不適切です。ポリプロピレンは軽く、耐薬品性や耐水性に優れ、比較的安価な繊維素材ですが、一般に耐久性が高い素材として代表的に扱われるのはナイロンです。ナイロンは摩耗に強く、歩行量の多い場所のカーペットにも使われやすい素材です。ポリプロピレンは吸水しにくく汚れにくい面がありますが、へたりやすさや耐摩耗性の点ではナイロンほど高く評価されません。したがって、「ポリプロピレン素材は、耐久性が高い」と断定するのは適切ではありません。

(2) アクリル素材は、親水性の汚れが取れにくい。

不適切です。アクリル繊維はウールに似た風合いを持つ合成繊維で、比較的保温性や弾力性があります。汚れの取れやすさを判断するときは、繊維が水になじみやすいか、油になじみやすいかを考える必要があります。一般に合成繊維は疎水性の性質を持つものが多く、油性の汚れが付きやすく取れにくい傾向があります。親水性の汚れが取れにくいとする表現は、繊維床材の汚れの性質として適切ではありません。

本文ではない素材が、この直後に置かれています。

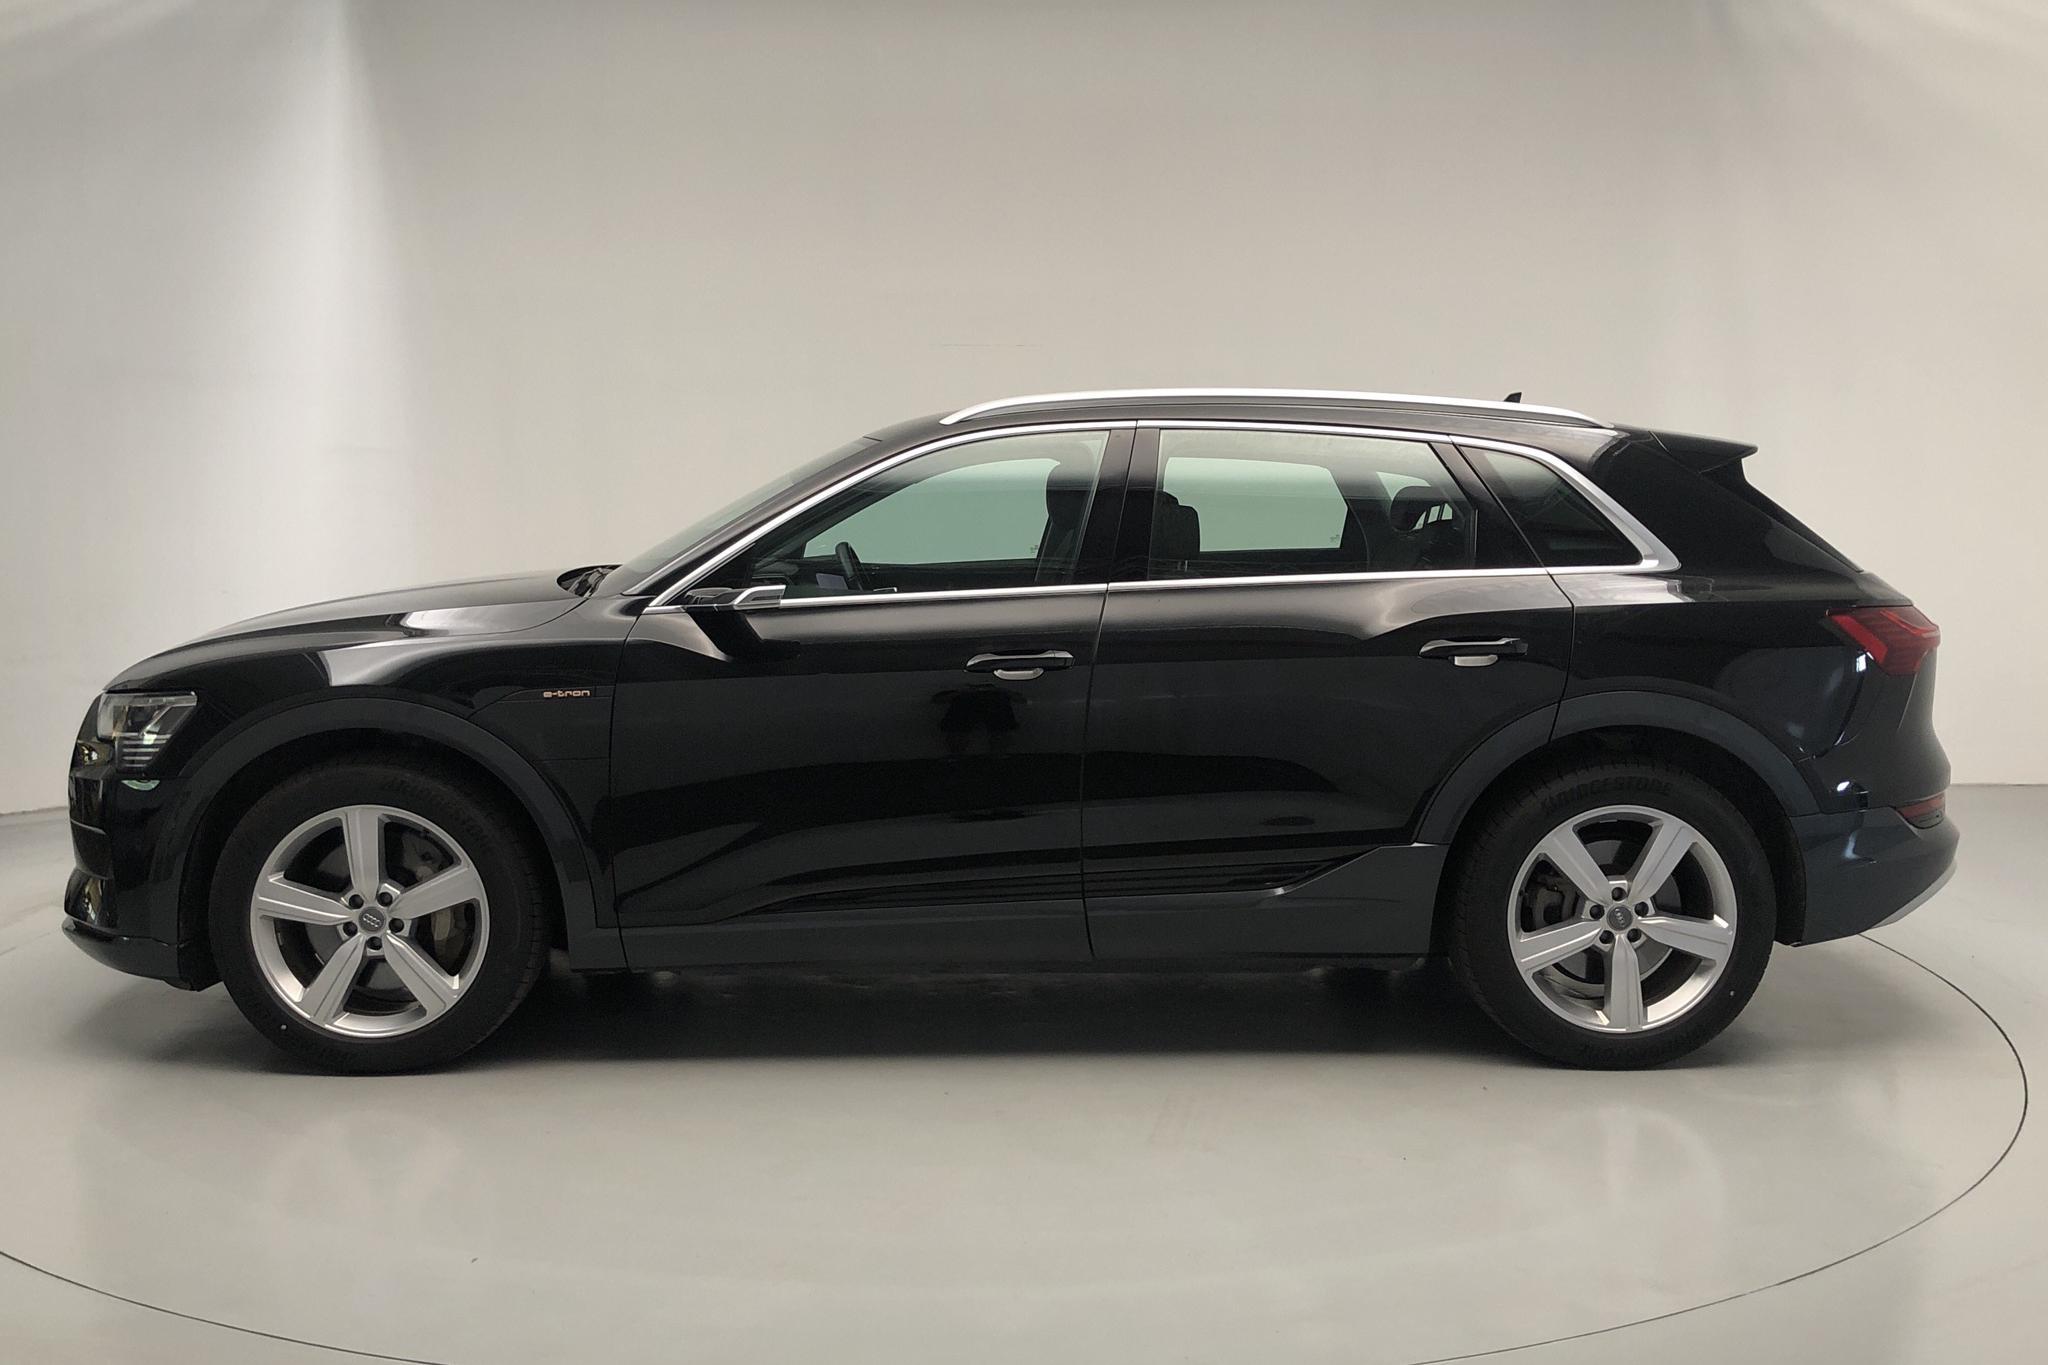 Audi e-tron 55 quattro 95 kWh (360hk) - 50 620 km - Automatic - black - 2019

(3) ウィルトンカーペットは、濡れると収縮を起こしやすい。

適切です。ウィルトンカーペットは、パイル糸と基布を織り込んで作る織物カーペットです。構造がしっかりして高級感がありますが、水分を多く含ませると、基布や繊維の影響で収縮や変形を起こすことがあります。そのため、清掃時には過度に水を使わないこと、洗浄後に十分乾燥させることが大切です。繊維床材では、見た目の汚れだけでなく、水分による寸法変化やカビ、臭気の発生も管理上の重要なポイントになります。

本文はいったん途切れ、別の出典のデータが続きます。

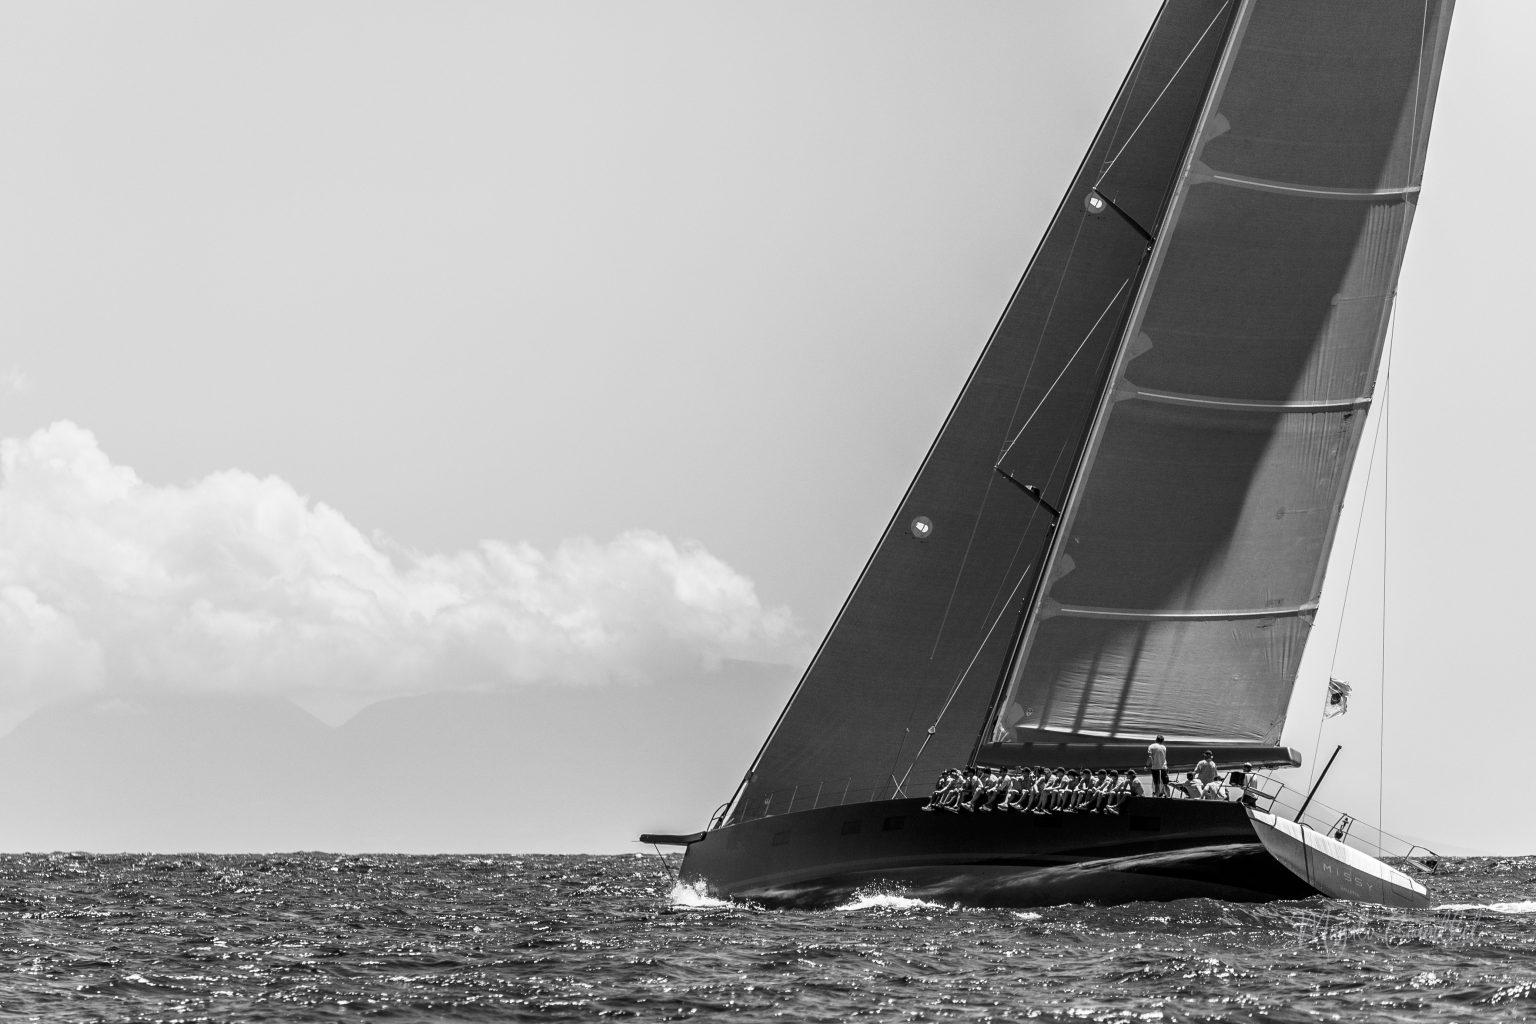 Missy Yacht, Bucket Regatta 2019 St Barths

(4) スポットクリーニングは、通行量の多い共用部を掃除機で吸引する作業である。

不適切です。スポットクリーニングとは、床面全体を清掃する作業ではなく、局所的な汚れやしみに対して行う部分的な清掃のことです。飲み物をこぼした跡、泥汚れ、油汚れなど、目立つ汚れを早期に処理する作業が該当します。通行量の多い共用部を掃除機で吸引する作業は、日常清掃やバキューム作業に近い内容です。スポットという言葉は「点」や「部分」を意味するため、全体的な吸じん作業と混同しないことが大切です。

(5) しみ取り作業は、定期清掃で行う。

不適切です。しみ取り作業は、しみが発生した時点でできるだけ早く行うことが原則です。時間が経過すると、汚れが繊維内部に浸透したり、化学変化を起こしたりして、除去が難しくなります。定期清掃まで放置すると、完全に除去できない場合があります。そのため、しみ取りは定期清掃だけで行うものではなく、発見時に速やかに実施する臨時的、応急的な管理作業として理解する必要があります。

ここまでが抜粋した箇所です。